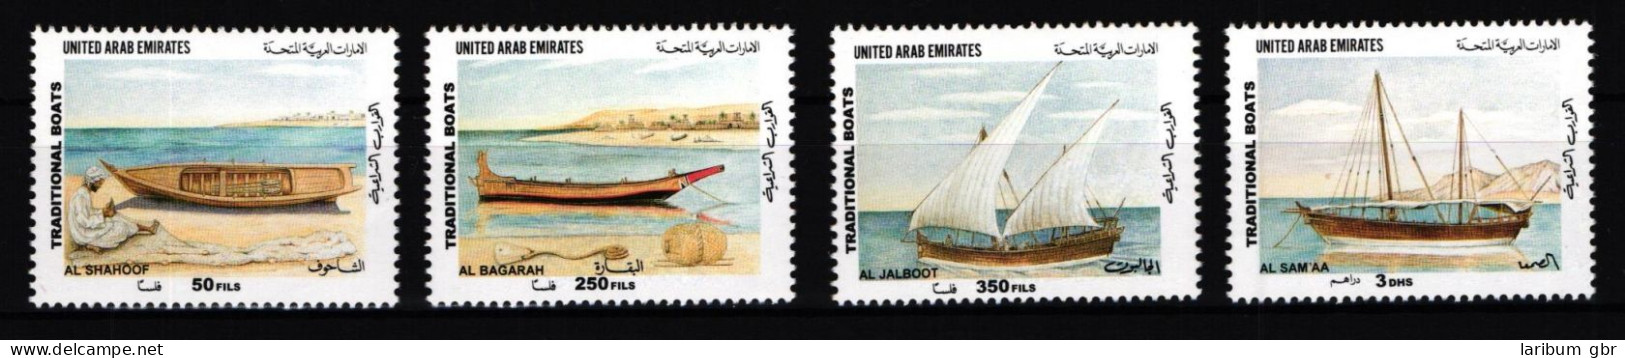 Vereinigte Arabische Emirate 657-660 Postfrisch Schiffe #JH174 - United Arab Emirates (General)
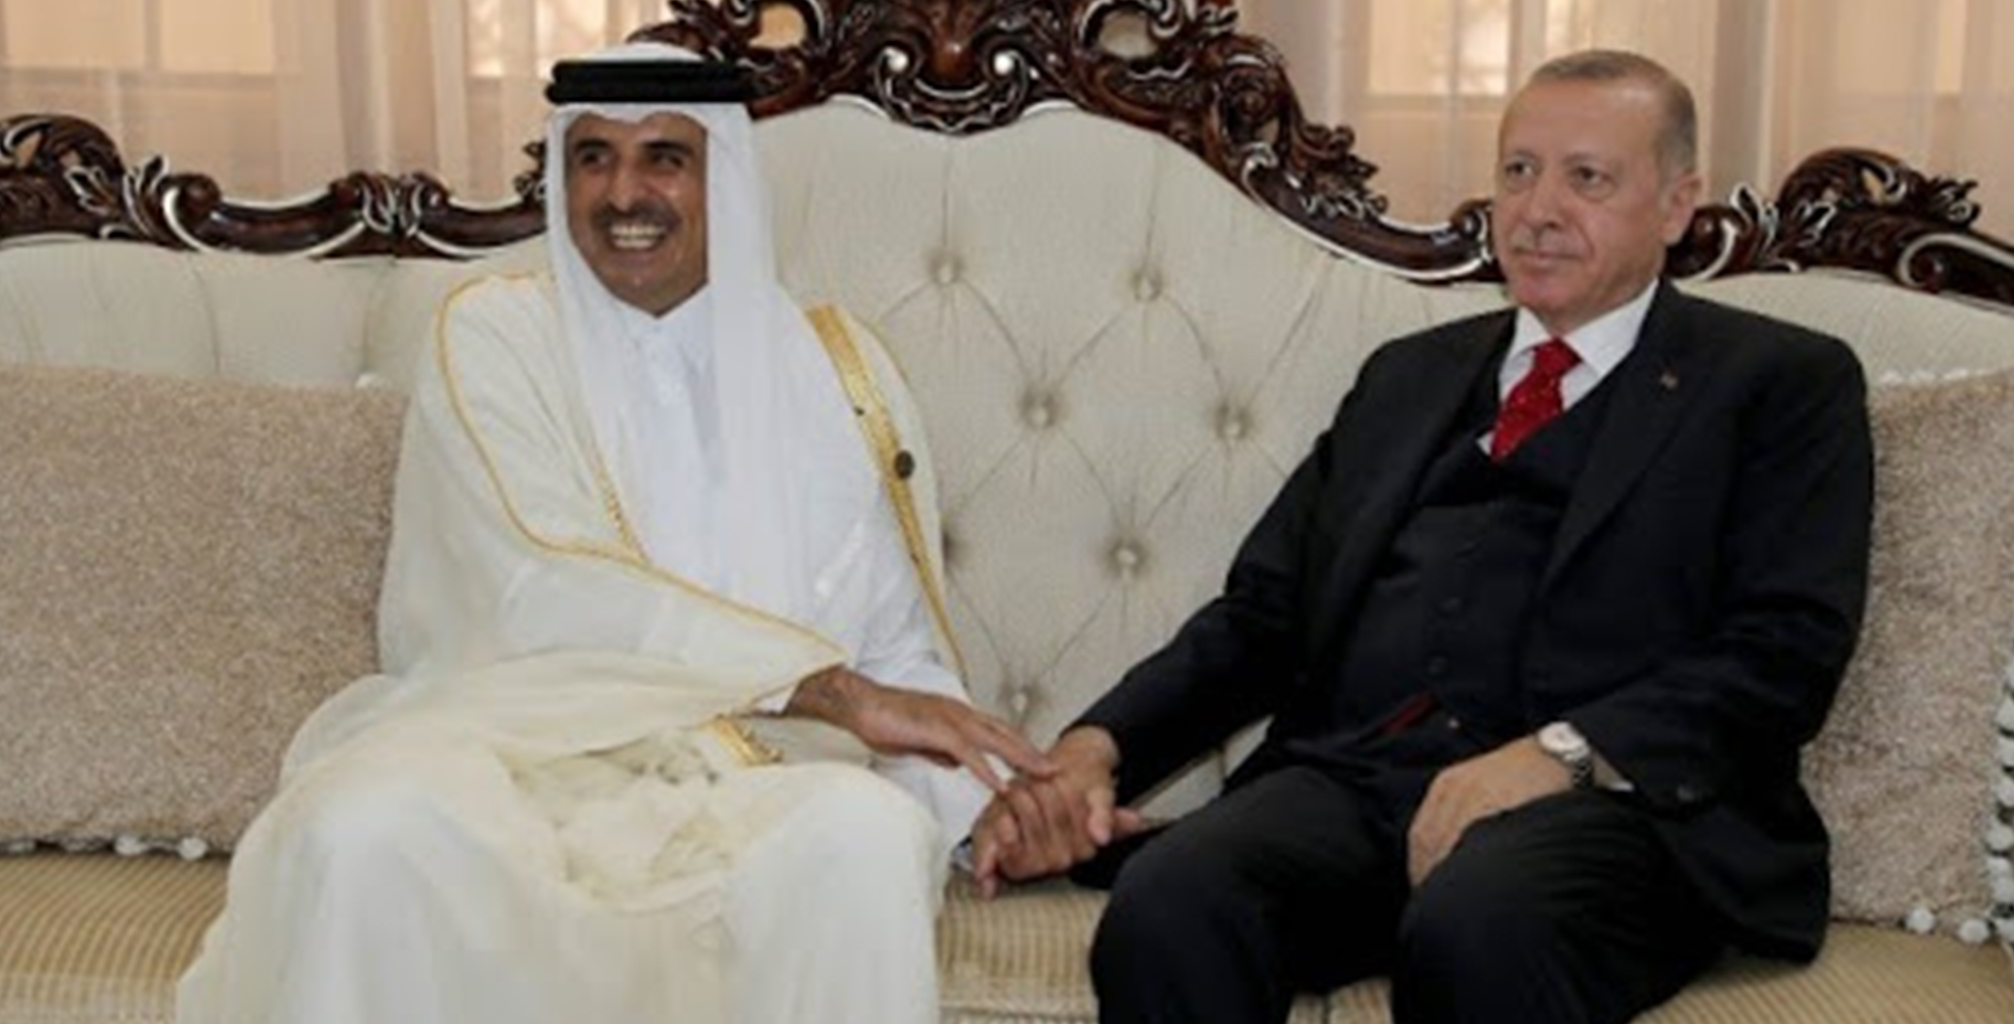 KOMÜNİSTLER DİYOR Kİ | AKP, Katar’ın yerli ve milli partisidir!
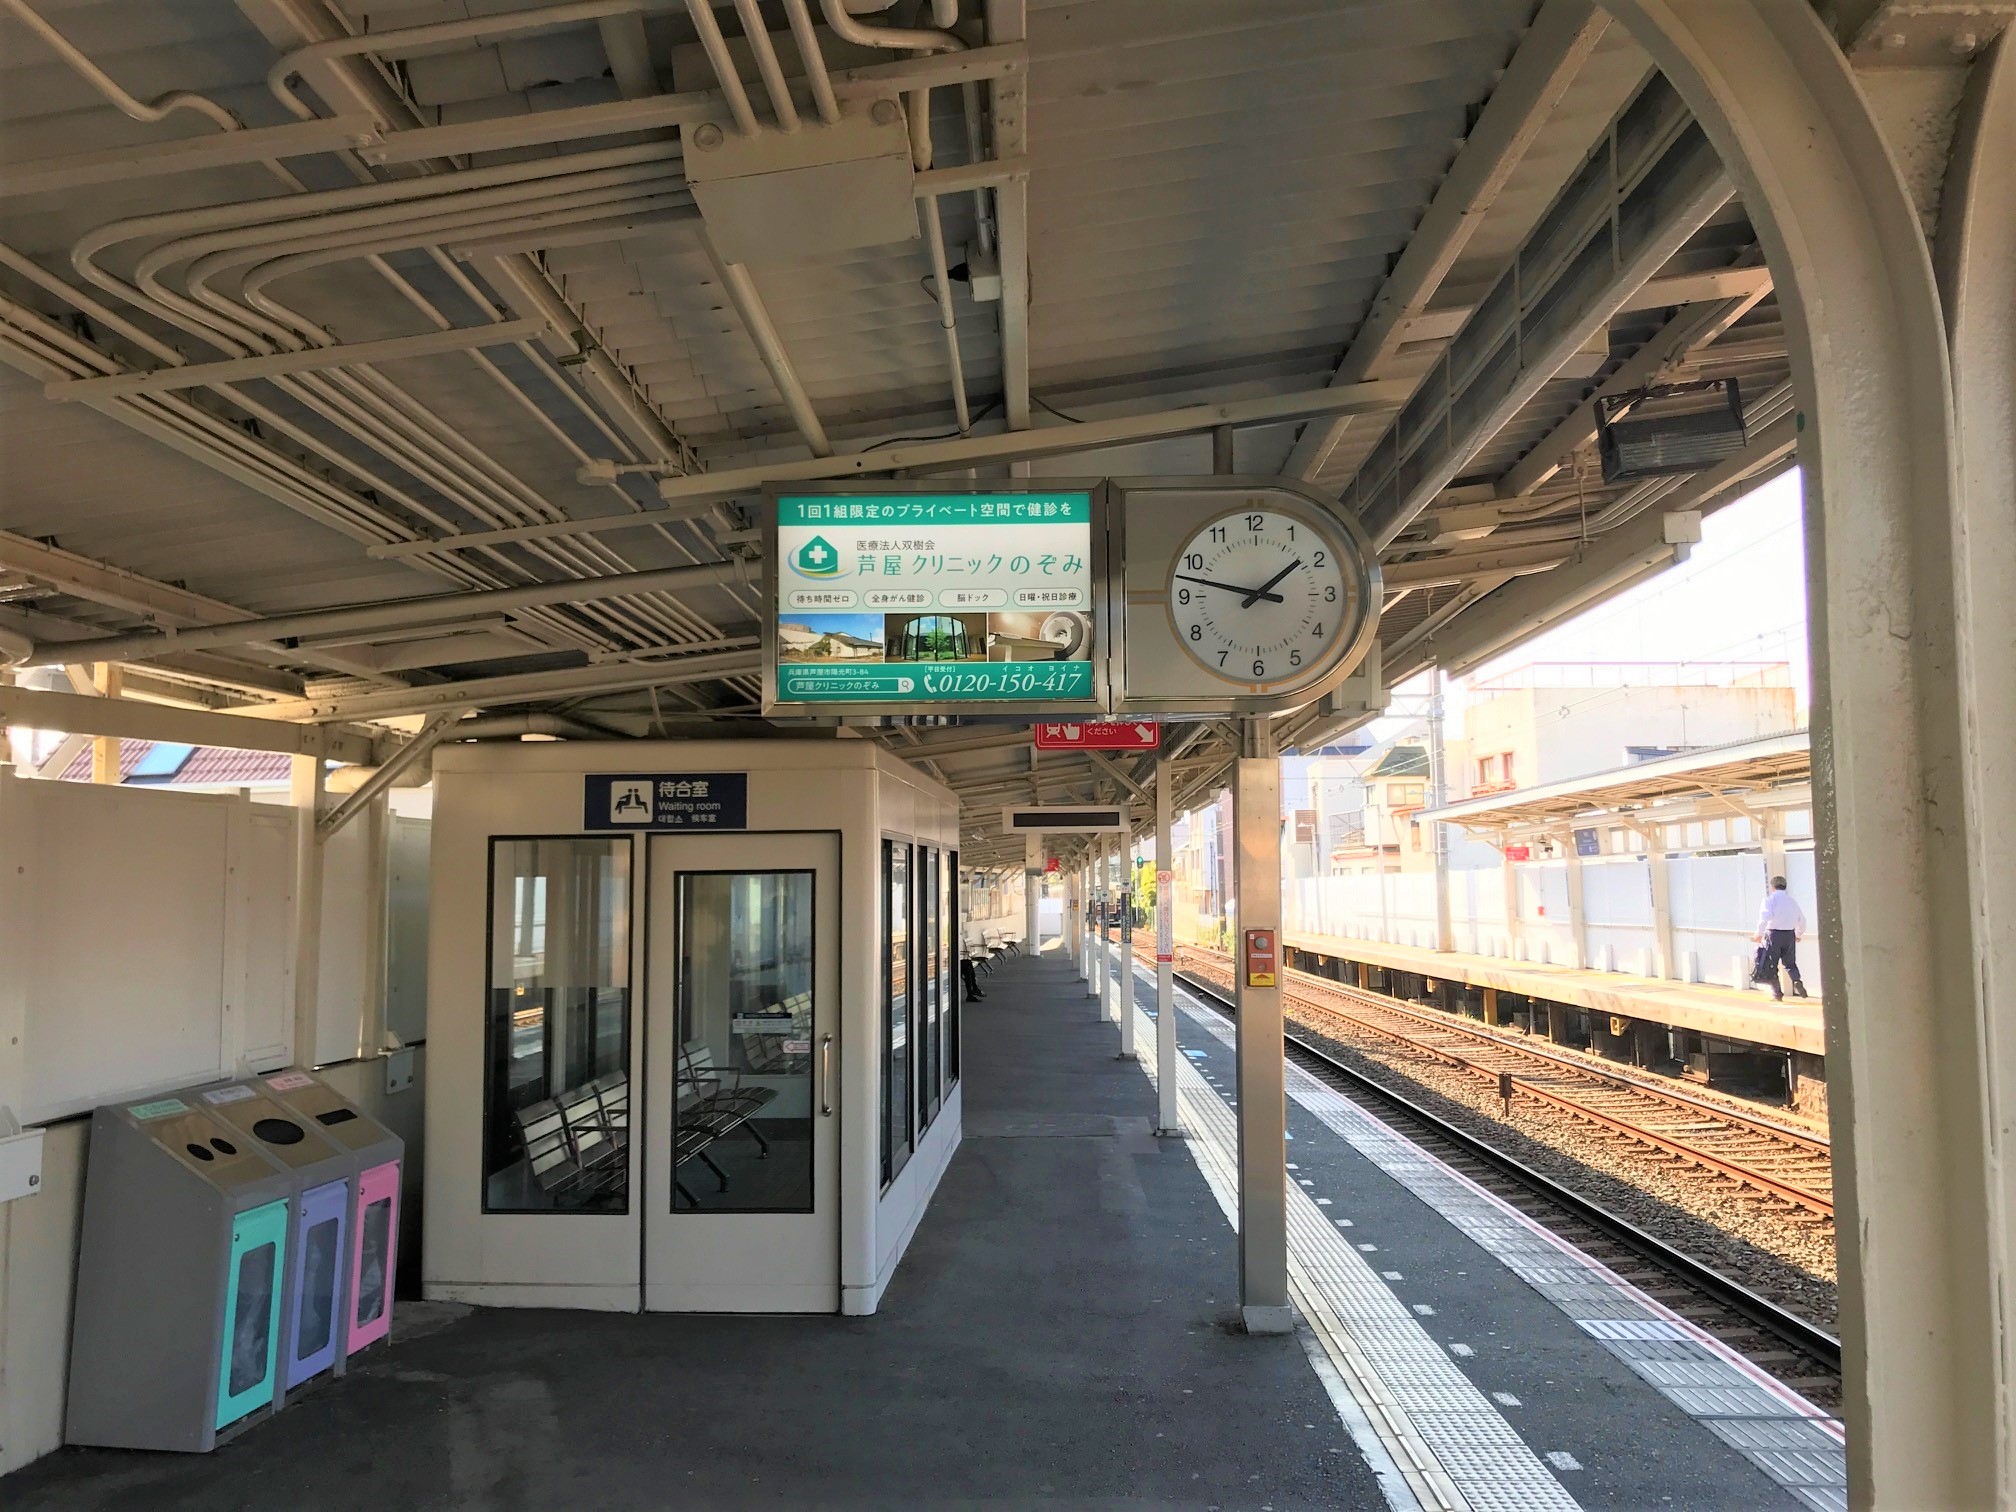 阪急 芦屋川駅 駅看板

----

**Task prompt:**
Give back the listing unchanged. Strip out the pictures.

**Answer:**
 Vereinigte Arabische Emirate 657-660 Postfrisch Schiffe #JH174 - United Arab Emirates (General)
 KOMÜNİSTLER DİYOR Kİ | AKP, Katar’ın yerli ve milli partisidir!
 阪急 芦屋川駅 駅看板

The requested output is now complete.